WHAT THE TASK ASKS: Once the line containing "Madison Bumgarner With Catcher Wallpaper" is found, please copy it and all lines after it through the end of the records, exactly, leaving out pictures.
◇ ◇ ◇ ◇ ◇
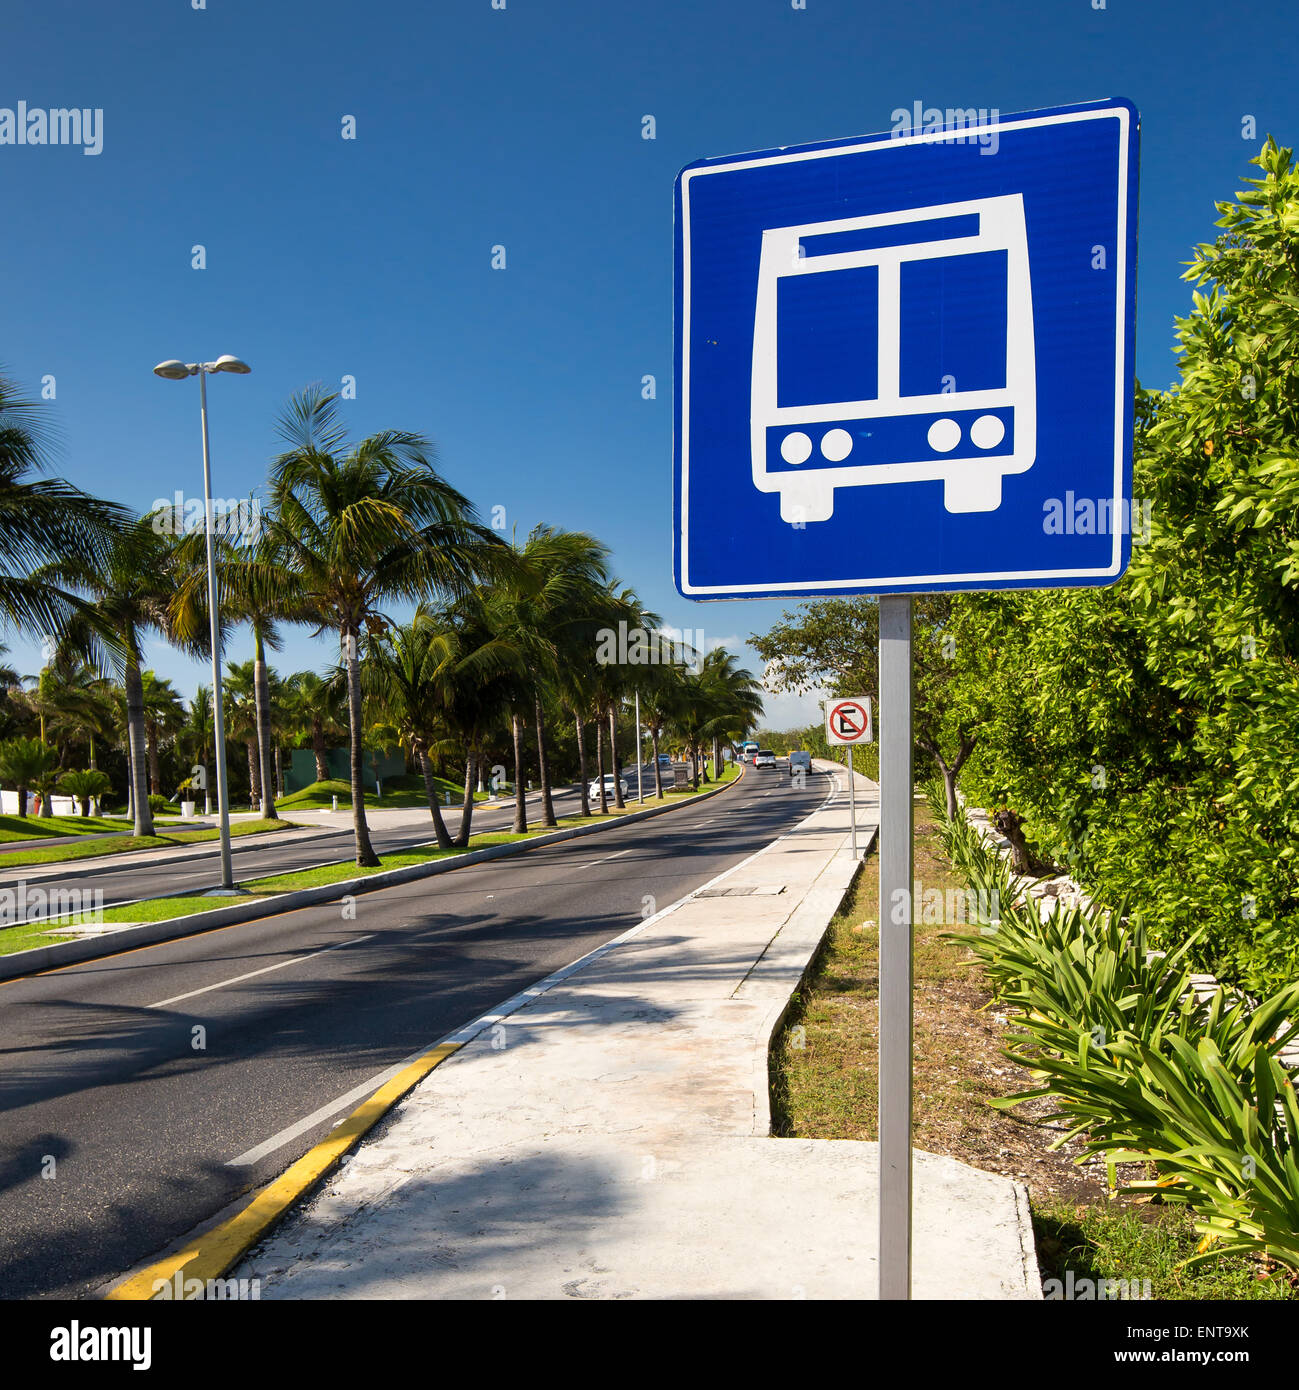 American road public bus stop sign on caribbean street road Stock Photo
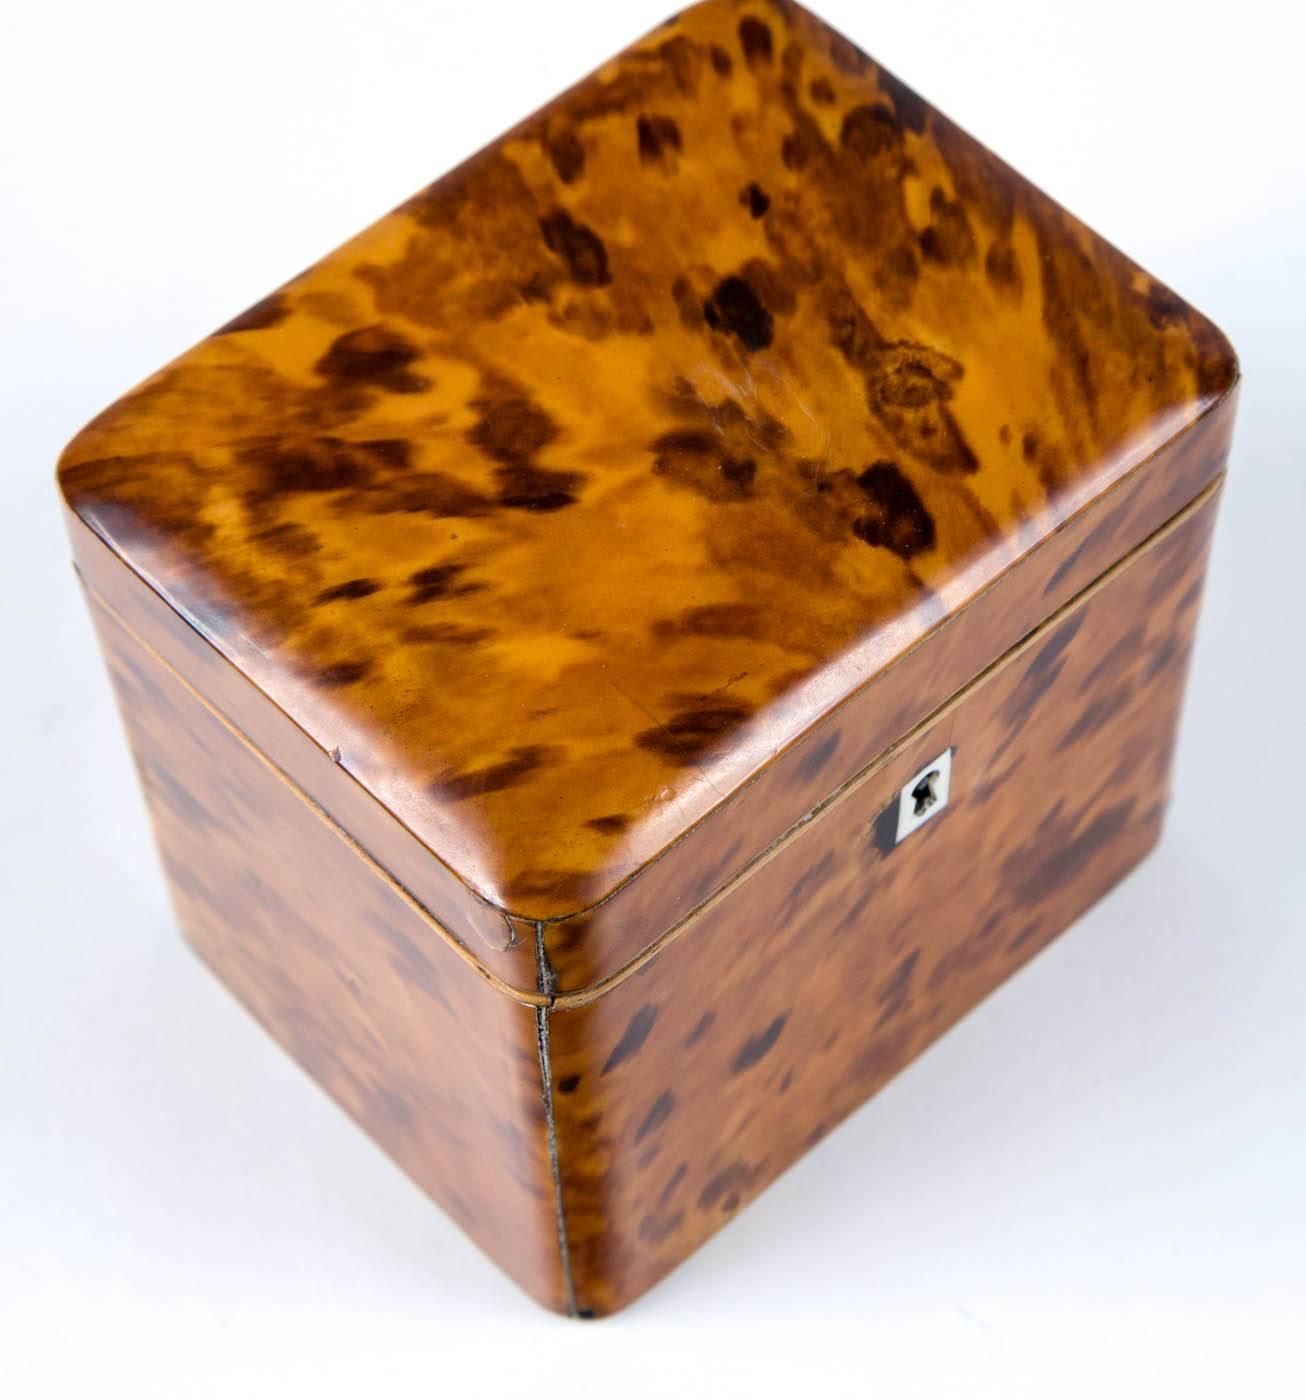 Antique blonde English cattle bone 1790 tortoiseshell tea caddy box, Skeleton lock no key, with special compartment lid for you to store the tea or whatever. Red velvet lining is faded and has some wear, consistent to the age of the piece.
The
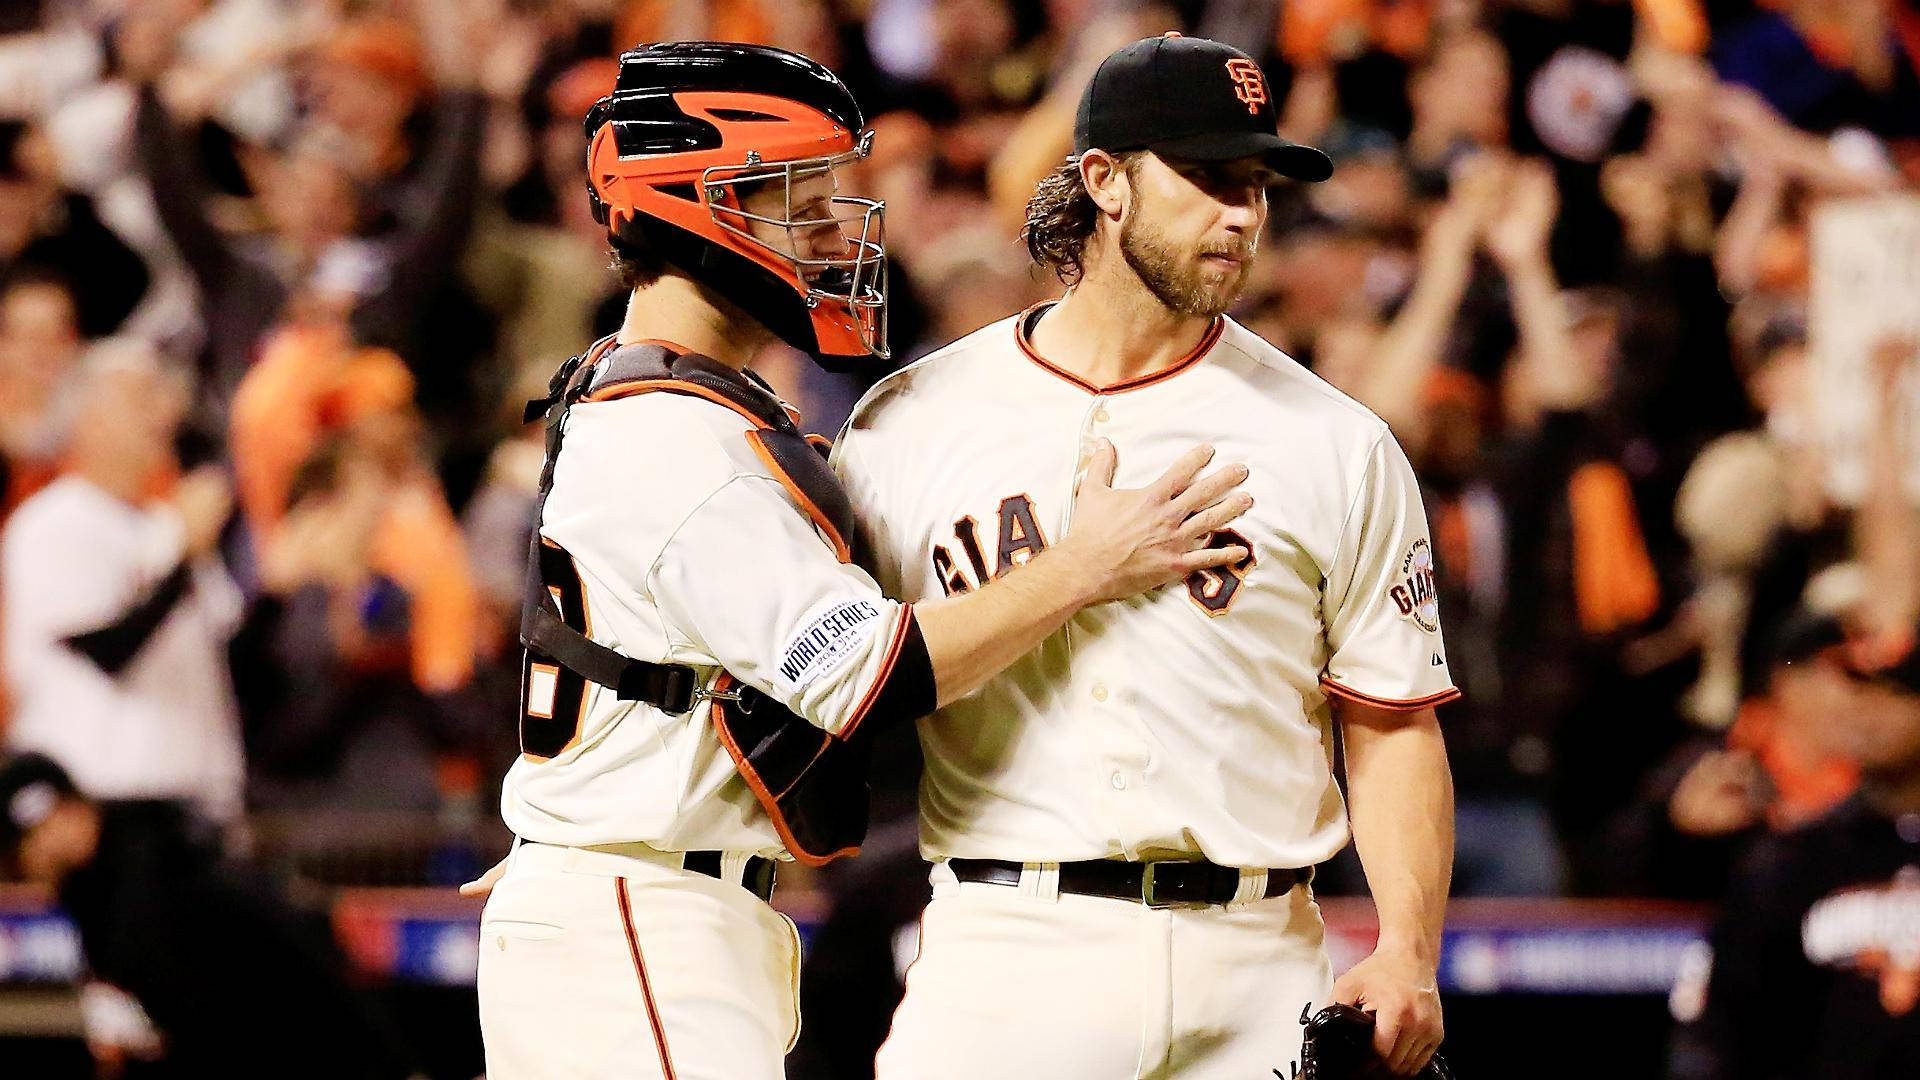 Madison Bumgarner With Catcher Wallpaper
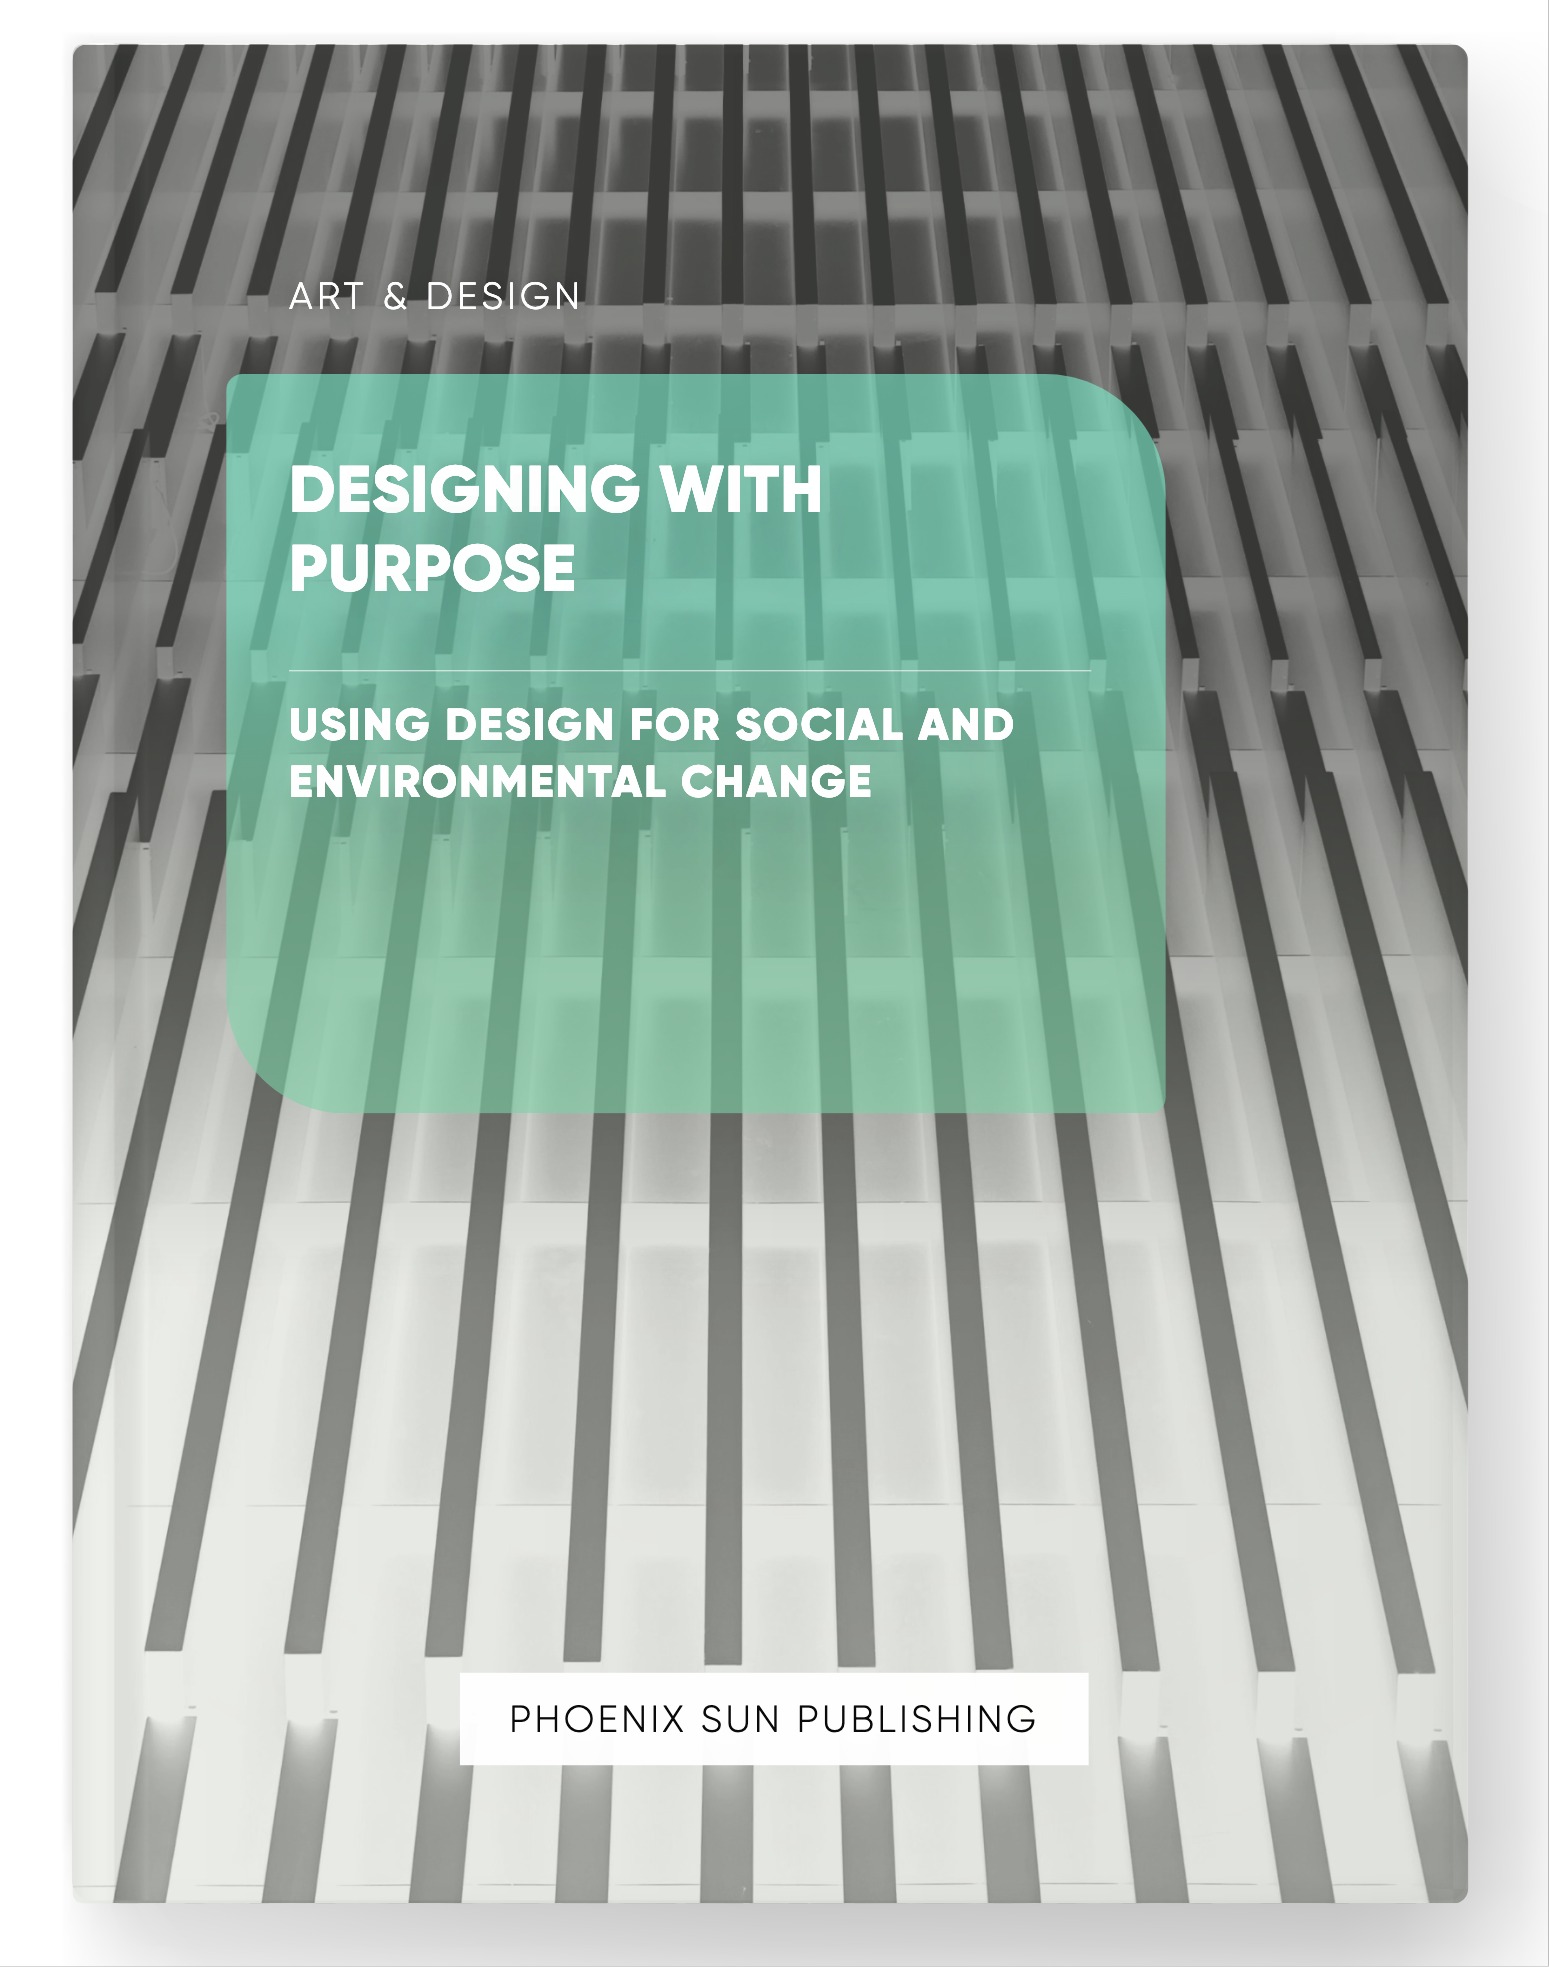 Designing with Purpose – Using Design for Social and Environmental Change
◇ ◇ ◇ ◇ ◇
SOLUTION TO THE EXERCISE:
 Madison Bumgarner With Catcher Wallpaper
 Designing with Purpose – Using Design for Social and Environmental Change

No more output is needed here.